A polysaccharide fraction from Achillea millefolium increases cytokine secretion and reduces activation of Akt, ERK and NF-κB in THP-1 monocytes

https://doi.org/10.1016/j.carbpol.2016.02.017Get rights and content

Highlights

  • A polysaccharide, Am-25-d, was isolated from Achillea millefolium.

  • Am-25-d increased LPS-induced cytokine secretion by THP-1 monocytes.

  • Am-25-d decreased LPS-induced phosphorylation/activation of Akt, ERK1/2 and NF-κB.

  • Am-25-d may be of use as an immunoenhancer.

Abstract

Achillea millefolium has been used in traditional medicine for a number of ailments, including skin inflammation and wounds. A polysaccharide fraction (Am-25-d) isolated from aqueous extract from A. millefolium had an average molecular weight of 270 kDa and a monosaccharide composition of GalA, Gal, Ara, Xyl, Rha in molar ratio of 28:26:23:9:7. THP-1 cells primed with IFN-γ and stimulated with LPS in the presence of Am-25-d secreted more IL-1β, IL-8, IL-10, IL-12p40, IL-23 and TNF-α than THP-1 cells stimulated in the absence of Am-25-d. However, when added to unstimulated cells Am-25-d did not increase secretion of the cytokines examined. Stimulating THP-1 monocytes in the presence of Am-25-d led to decreased nuclear concentrations of NF-κB and phosphorylation of ERK1/2 and Akt kinases compared with that when the cells were stimulated without Am-25-d. These findings indicate that Am-25-d isolated from A. millefolium has immunoenhancing properties that may be mediated via the Akt pathway.

Introduction

Achillea millefolium, commonly known as yarrow, is native in most of Europe, North America and Asia where it grows in dry banks and fields. The medicinal properties of A. millefolium are recognized worldwide and the plant is included in the national Pharmacopoeias of several countries. It has been used to treat gastrointestinal disorders, loss of appetite, menstrual problems, skin inflammation, wounds and external bleeding (Applequist and Moerman, 2011, Nemeth and Bernath, 2008, Saeidnia et al., 2011).

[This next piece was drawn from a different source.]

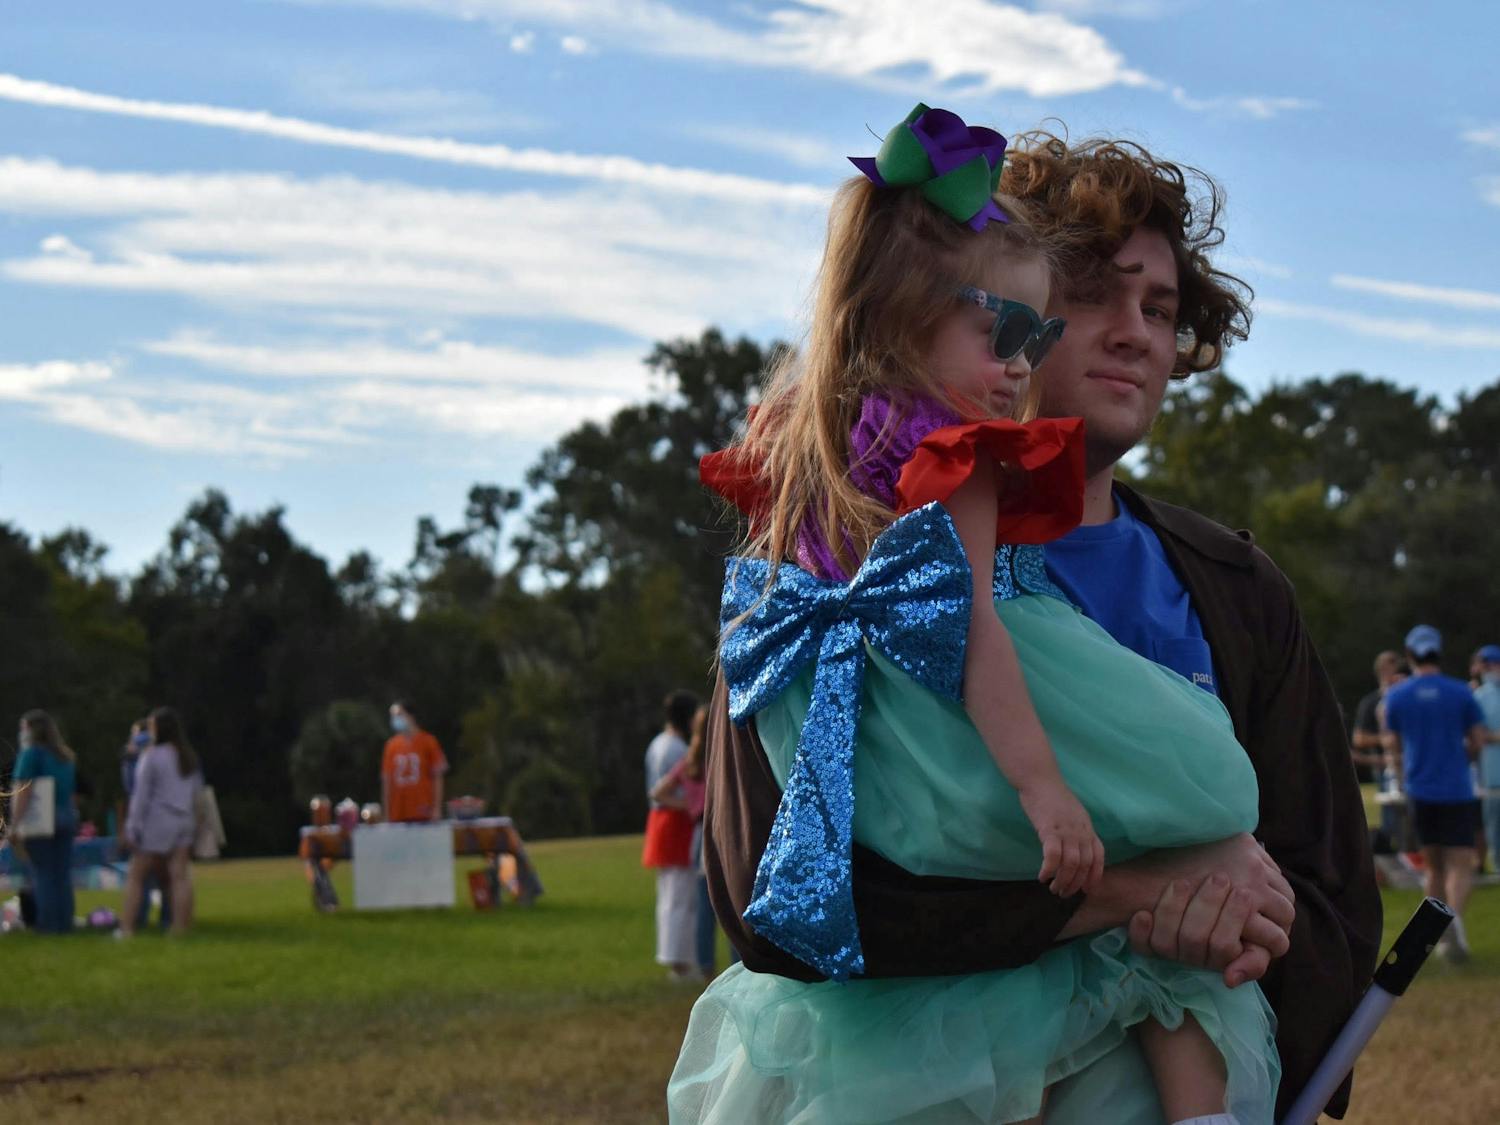 Hannah Strickland, 5, surveys the festivities in her Princess Ariel costume during Dance Marathon at UF's Moralloween event at Flavet Field on Wednesday, Oct. 27, 2021.

Several studies have investigated various bioactivities of aqueous extracts of A. millefolium. The ones that have examined the effects of aqueous extracts on inflammation related activities have shown increased circulating levels of transforming growth factor-β and inhibition of the development of symptoms and complications in experimental autoimmune encephalitis in mice (Vazirinejad et al., 2014); inhibition of human neutrophil respiratory burst activity (Choudhary et al., 2007); inhibition of prostaglandin formation and platelet activating factor-induced exocytosis (Tunon, Olavsdotter, & Bohlin, 1995); hepatoprotective effects against lipopolysaccharide induced hepatitis (Yaeesh, Jamal, Khan, & Gilani, 2006); antimicrobial properties (Frey & Meyers, 2010) and in our previous study we showed reduced capacity of dendritic cells (DCs) to induce a Th17 response (Jonsdottir, Omarsdottir, Vikingsson, Hardardottir, & Freysdottir, 2011). In none of these studies were the effects linked to particular compounds in the aqueous extracts. Other bioactivities of A. millefolium have been associated with choline (spasmogenic effect on gastric antrum) (Borrelli et al., 2012), sesquiterpene lactones (reduction of the glycemia rate in rats) (Cavalcanti et al., 2006) or phenols (antioxidative effect) (Konyalioglu & Karamenderes, 2005). Studies examining the bioactivities of extracts from A. millefolium have mostly used the aerial part of the plant, with (Frey and Meyers, 2010, Jonsdottir et al., 2011, Tunon et al., 1995, Vazirinejad et al., 2014, Yaeesh et al., 2006) or without the flowers (Cavalcanti et al., 2006) or only the flowering tops (Borrelli et al., 2012, Choudhary et al., 2007, Konyalioglu and Karamenderes, 2005) or the leaves (Baggio et al., 2016) with no apparent association between the parts used and the bioactivities observed.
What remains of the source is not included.